Sebaliknya, jika proses tersebut tidak dipahami dengan baik, leads yang sebenarnya potensial bisa berhenti di tengah jalan. Di sinilah pemahaman tentang sales cycle menjadi penting bagi bisnis travel umroh.
Lantas, apa sebenarnya sales cycle tersebut dan bagaimana cara mengoptimalkannya agar proses penjualan paket umroh berjalan lebih efektif? Penting diingat bahwa memahami sales cycle adalah salah satu langkah penting untuk melihat penjualan dengan lebih terarah!
Apa Itu Sales Cycle dalam Bisnis Travel Umroh?

Memahami apa itu sales cycle, Sumber: pexels.com
Seperti diketahui, dalam bisnis travel umroh, proses mendapatkan jamaah baru tidak selalu terjadi dalam satu kali komunikasi. Calon jamaah bisa mengenal travel umroh Anda dari iklan, kemudian bertanya melalui WhatsApp, meminta informasi paket, berdiskusi dengan keluarga, dan baru mengambil keputusan beberapa waktu kemudian.
Nah, jeda dari awal ketertarikan hingga akhirnya melakukan pendaftaran inilah yang perlu diperhatikan oleh tim sales. Tanpa memahami proses tersebut, Anda bisa kesulitan mengetahui posisi setiap calon jamaah dan menentukan strategi follow up yang tepat.
Secara sederhana, sales cycle adalah rangkaian proses penjualan yang dilalui calon pelanggan sejak mulai mengenal atau berinteraksi dengan sebuah bisnis hingga akhirnya melakukan transaksi. Dalam konteks travel umroh, pembelian tersebut dapat berupa keputusan untuk mendaftar dan memilih paket umroh yang ditawarkan.

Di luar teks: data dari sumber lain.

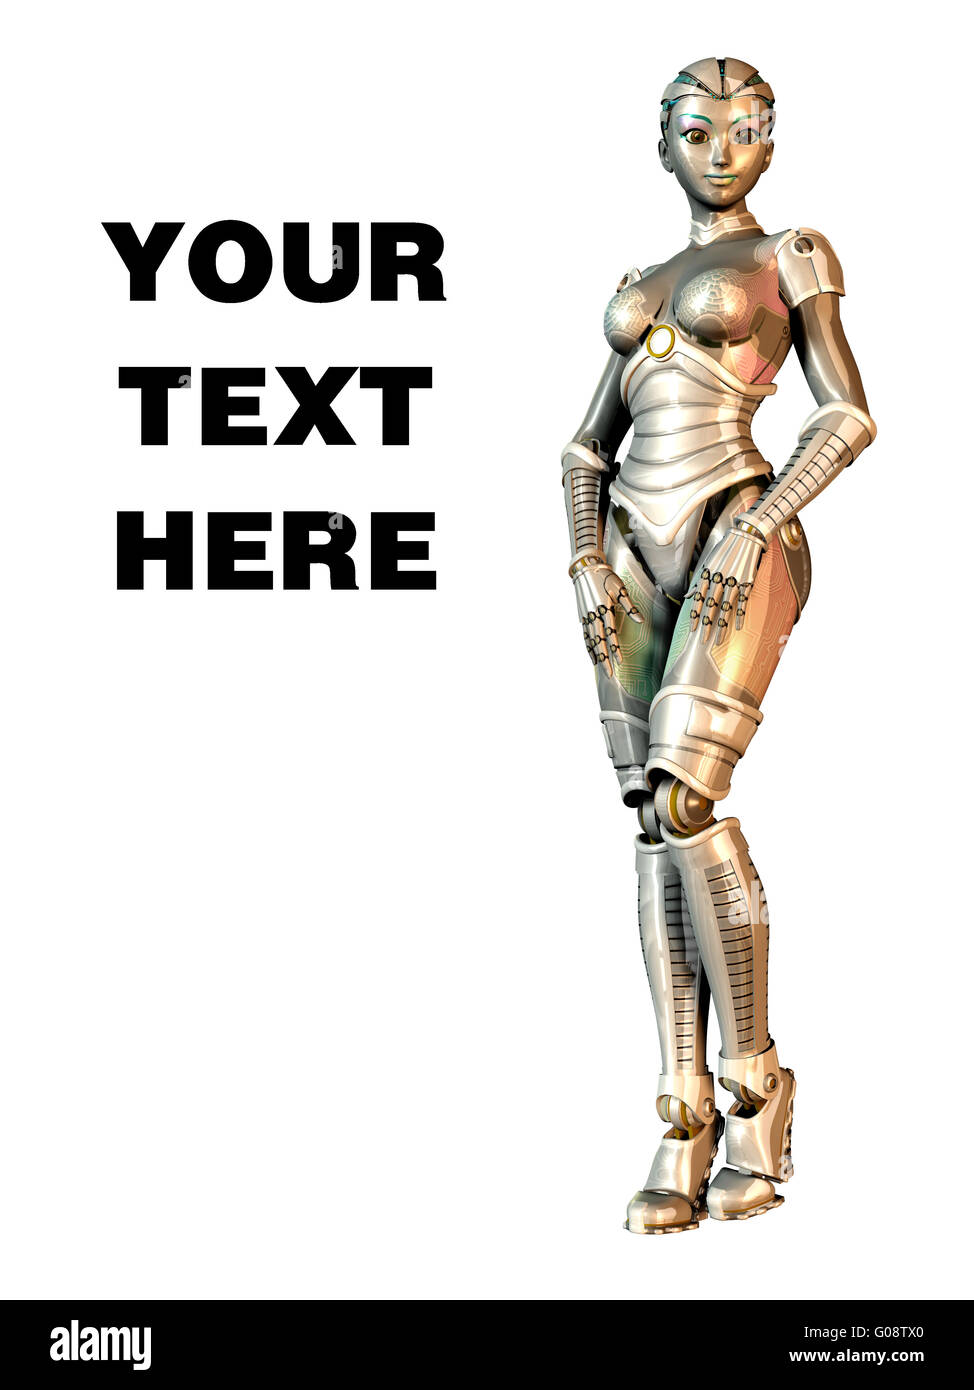 Female Robot with Empty Space Stock Photo

Nah, memahami sales cycle ini akan membantu tim sales melihat proses penjualan sebagai sebuah perjalanan, bukan hanya aktivitas mengejar closing. Karena itu, sales cycle dapat menjadi kerangka bagi travel untuk membaca proses penjualan dengan lebih terstruktur.

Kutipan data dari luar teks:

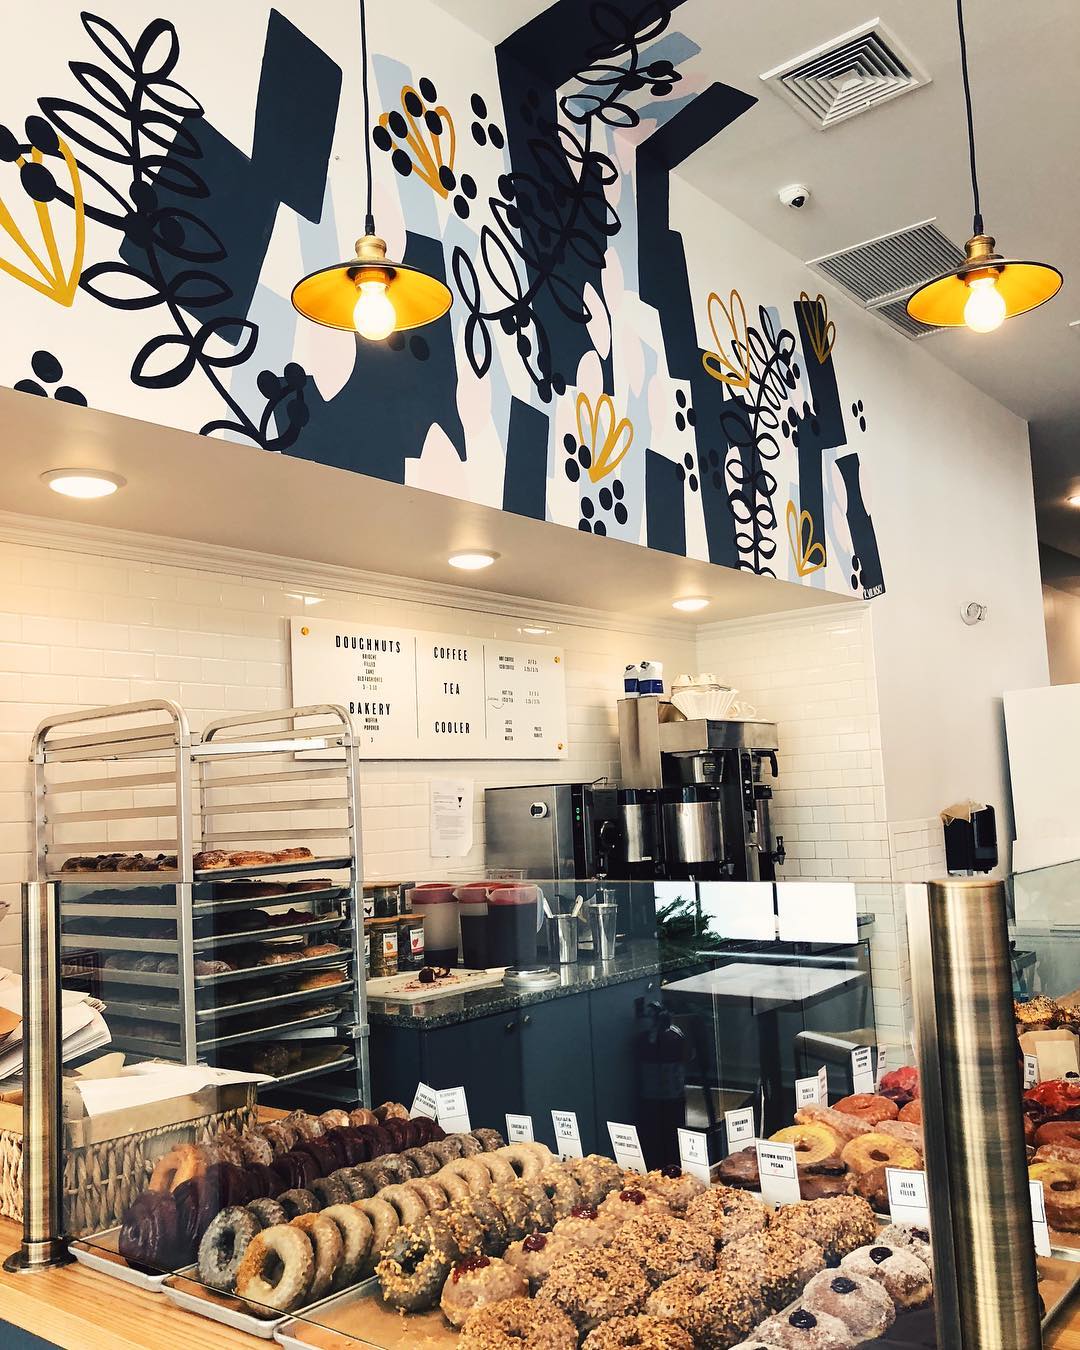  Commissioned mural for Knead Doughnuts at 32 Custom House in Providence, Rhode Island. This piece was designed and painted by hand in May 2018.

Tim sales dapat mengetahui kapan harus memberikan informasi, kapan melakukan follow-up, dan kapan perlu memberikan ruang kepada calon jamaah untuk mempertimbangkan pilihannya. Pemahaman ini juga menjadi dasar penting sebelum tim nantinya melakukan berbagai upaya untuk mengoptimalkan proses penjualan.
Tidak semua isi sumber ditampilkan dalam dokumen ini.